If you really need to guess software, you have a few things you can try:

  • Try unzipping the line and see if the uncompress operation succeeds. If this fails, the bytes probably do not represent a compressed string.
  • Try to check the obvious "strange" bytes somehow before 0x20 . These bytes are not commonly used in plain text. There is no real guarantee that they occur in a compressed line, though.
  • Use mb_check_encoding to find out if the string is in the encoding you suspect is in it. If this is not the case, it may be compressed (or you checked the wrong encoding). With the caution that almost any sequence of bytes is valid in almost every single-byte encoding, so this will only work for multi-byte encodings.
+8
source

PRE:
I think if you send a request , you can immediately look in $http_response_header to see if one of the elements in the array is a variation of Content-Encoding: gzip . But this is LAME!
there is a much better method.

Here's the HOW ...

Check if it has gzip.

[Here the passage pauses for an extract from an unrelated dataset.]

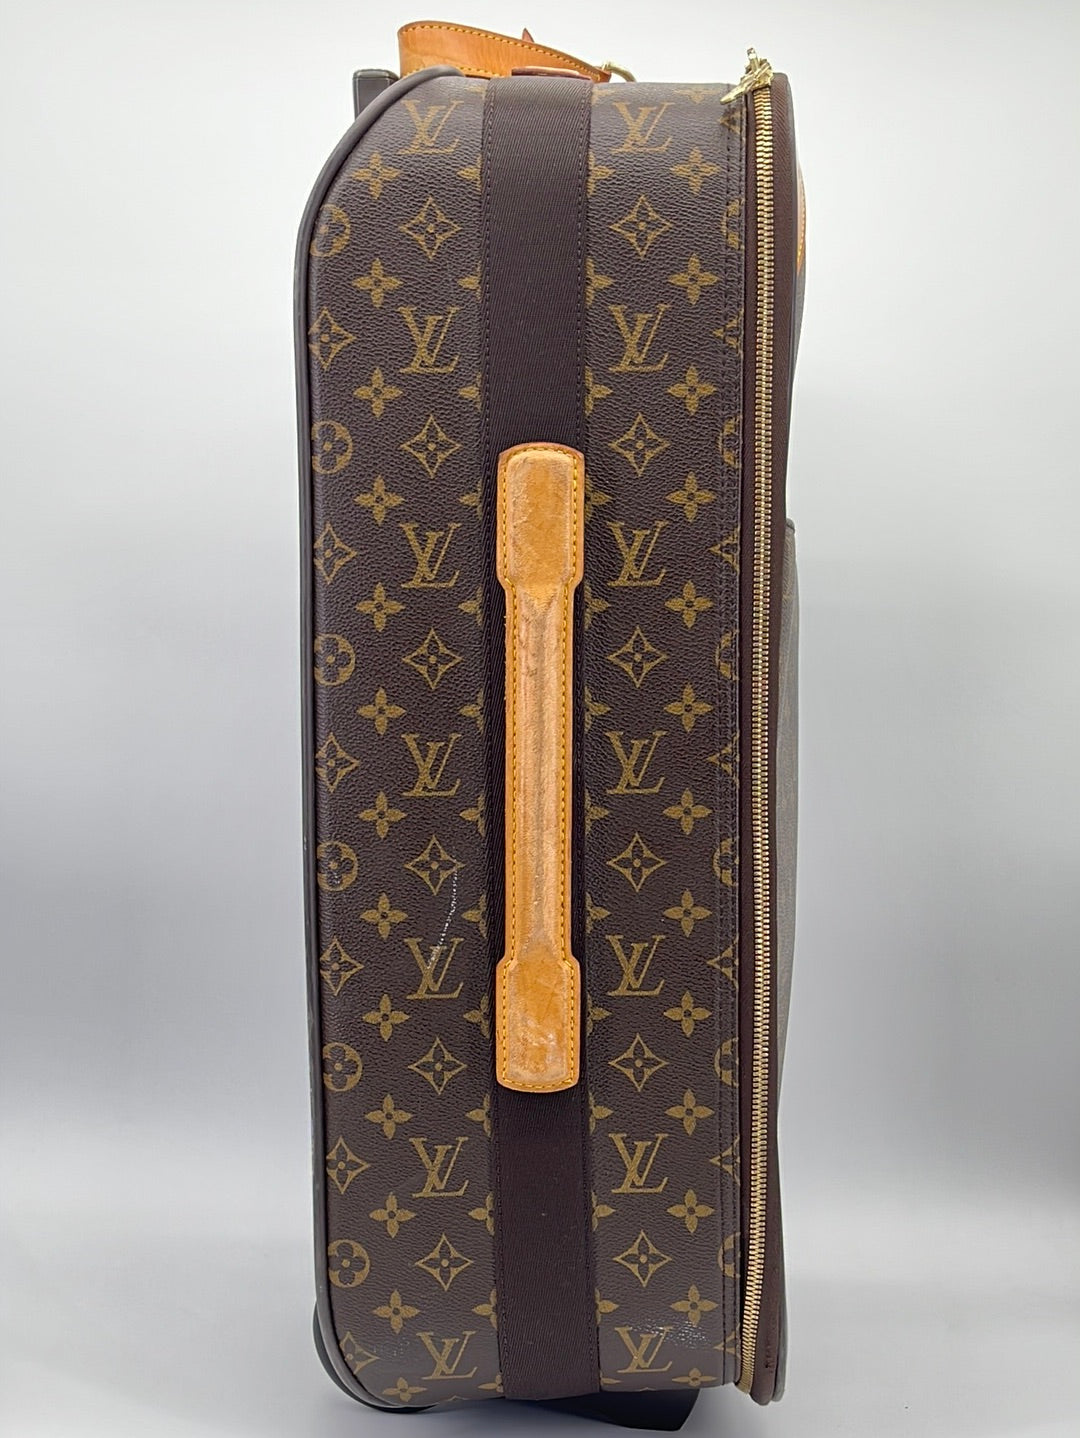 Suitcase Pegase 70 Louis Vuitton (Genuine) - PS Auction - We value

Like a BOSS!

according to GZIP RFC :

The gzip content header is as follows:

 +---+---+---+---+---+---+---+---+---+---+ |ID1|ID2|CM |FLG| MTIME |XFL|OS | (more-->) +---+---+---+---+---+---+---+---+---+---+ 

ID1 and ID2 identify the content as gzip . And the CM indicates that ZLIB_ENCODING (compression method) is ZLIB_ENCODING_DEFLATE - which is commonly used by GZIP with all web servers.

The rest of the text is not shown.